Scientific classification
- Kingdom: Plantae
- Clade: Embryophytes
- Clade: Tracheophytes
- Clade: Spermatophytes
- Clade: Angiosperms
- Clade: Eudicots
- Clade: Rosids
- Order: Fagales
- Family: Fagaceae
- Genus: Quercus
- Subgenus: Quercus subg. Quercus
- Section: Quercus sect. Quercus
- Species: Q. ajoensis
- Binomial name: Quercus ajoensis C.H.Mull.
- Synonyms: Quercus turbinella var. ajoensis (C.H.Mull.) Little; Quercus turbinella subsp. ajoensis (C.H.Mull.) Felger & C.H.Lowe;

= Quercus ajoensis =

- Genus: Quercus
- Species: ajoensis
- Authority: C.H.Mull.
- Conservation status: VU
- Synonyms: Quercus turbinella var. ajoensis (C.H.Mull.) Little, Quercus turbinella subsp. ajoensis (C.H.Mull.) Felger & C.H.Lowe

Species of shrub

Quercus ajoensis is an uncommon North American shrub with the common name Ajo Mountain shrub oak. It has been found in Arizona mountain ranges of the Colorado desert, and Arizona uplands of the Sonoran Desert. Q. ajoensis integrates with Q. turbinella and is difficult to determine specimen identification due to hybridization. It appears that this species is an elevation variant of Q. turbinella and is best treated as a subspecies or variety as it has been treated in the past. The status of Q. ajoensis as a species is probably unnecessary due to complete integration with Q. turbinella or it being a low elevation variant of Q. turbinella.

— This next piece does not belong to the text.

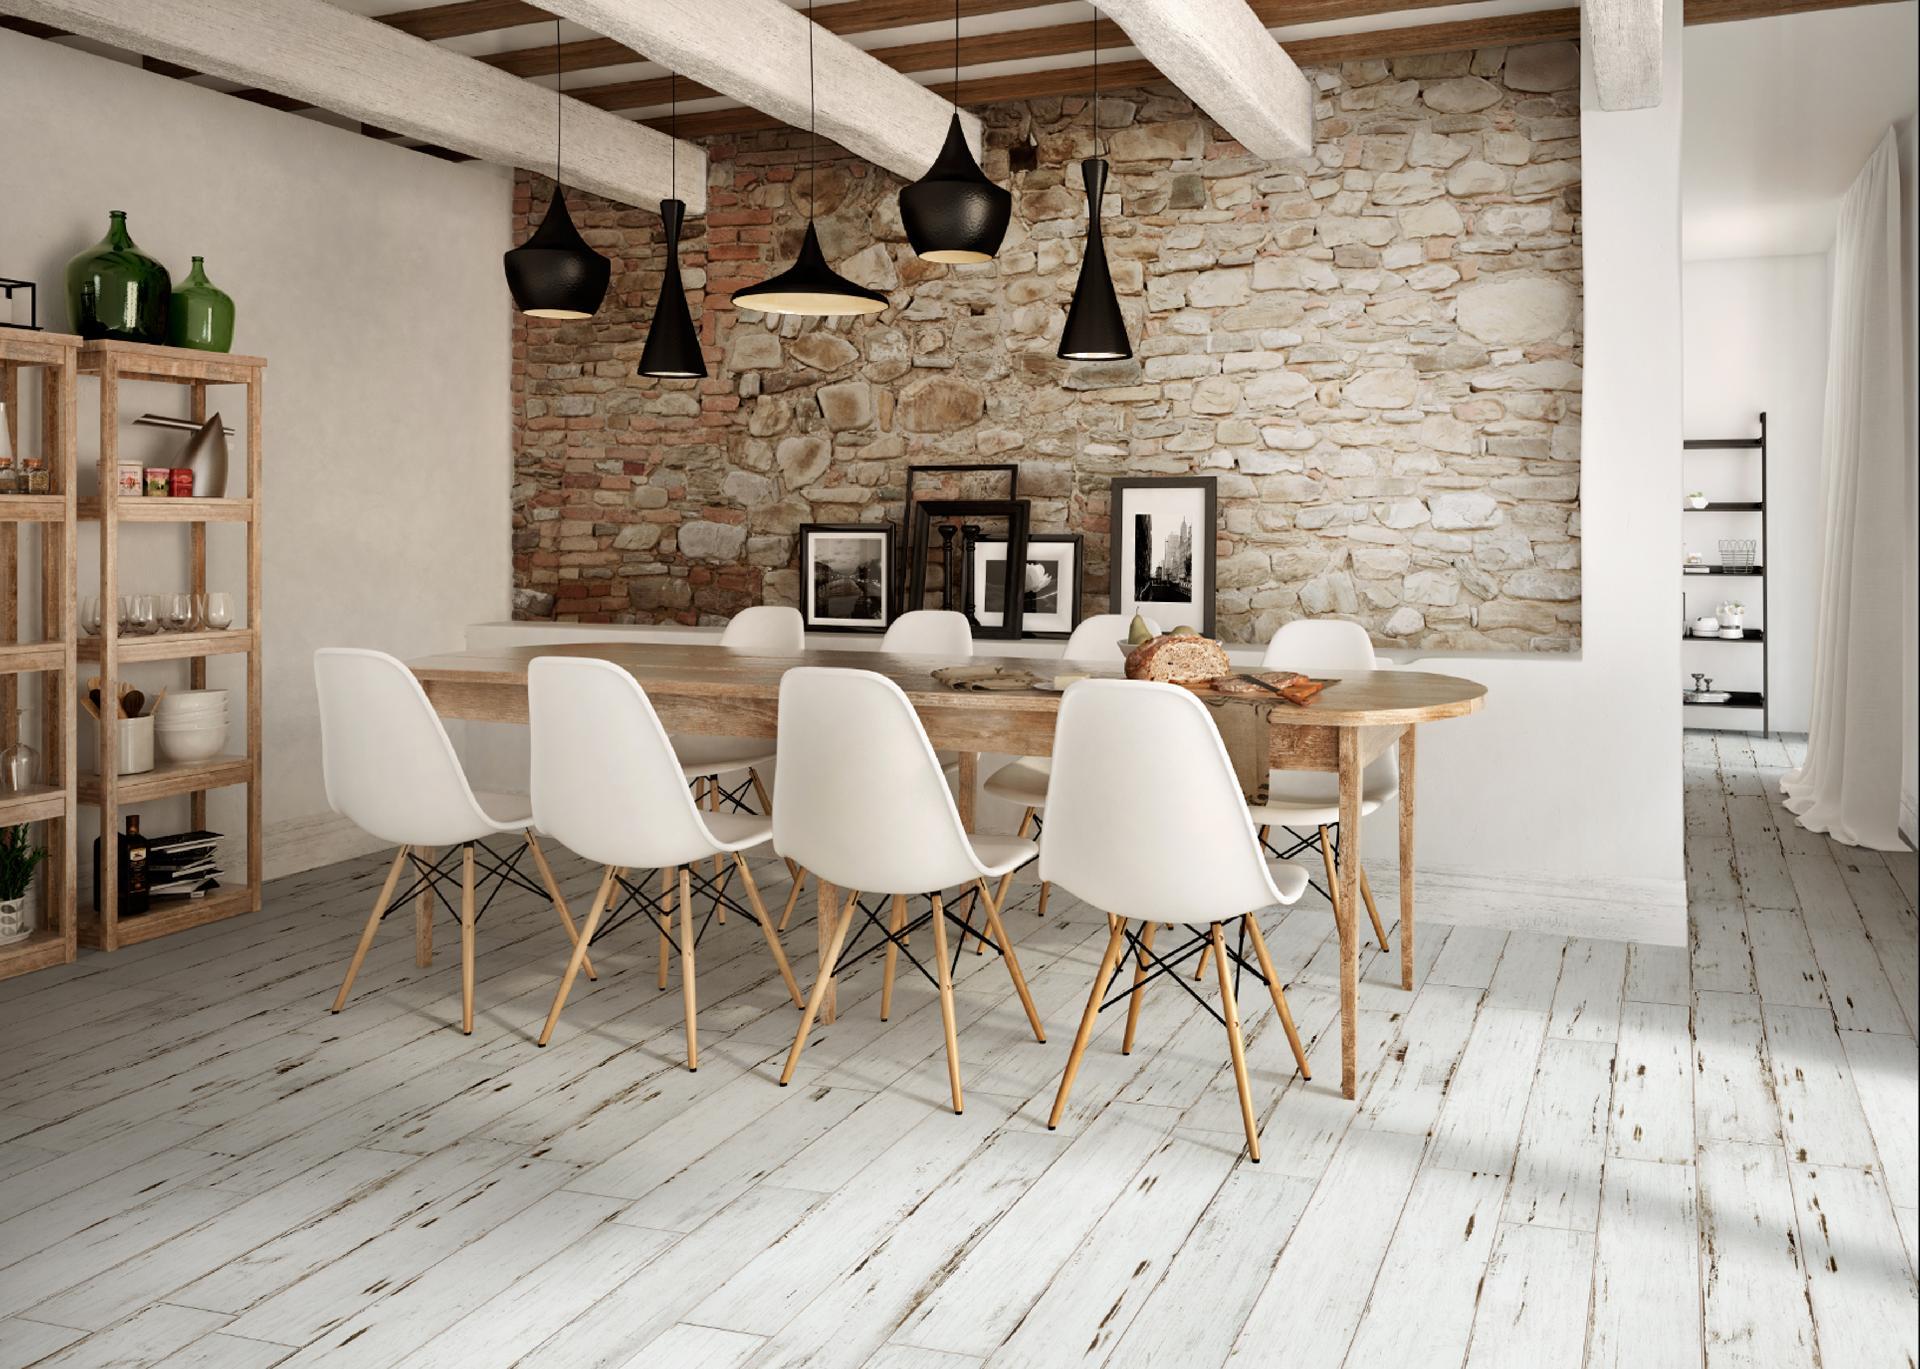 Painted rivestimenti pavimenti ceramiche saime for Brico arredo agrigento

Q. ajoensis is usually a shrub but occasionally attains the stature of small trees up to 3 metres (10 feet) tall. The leaves are narrowly egg-shaped, up to 5 centimetres (2 inches) long, with sharp pointed teeth.

The species is named for the Ajo Mountains in western Pima County, Arizona, southwest of the town of Ajo. The species does not occur as an identifiable species outside the Ajo mountain range and most specimens are of integrated types with Q. turbinella. The word "ajo" is Spanish for "garlic."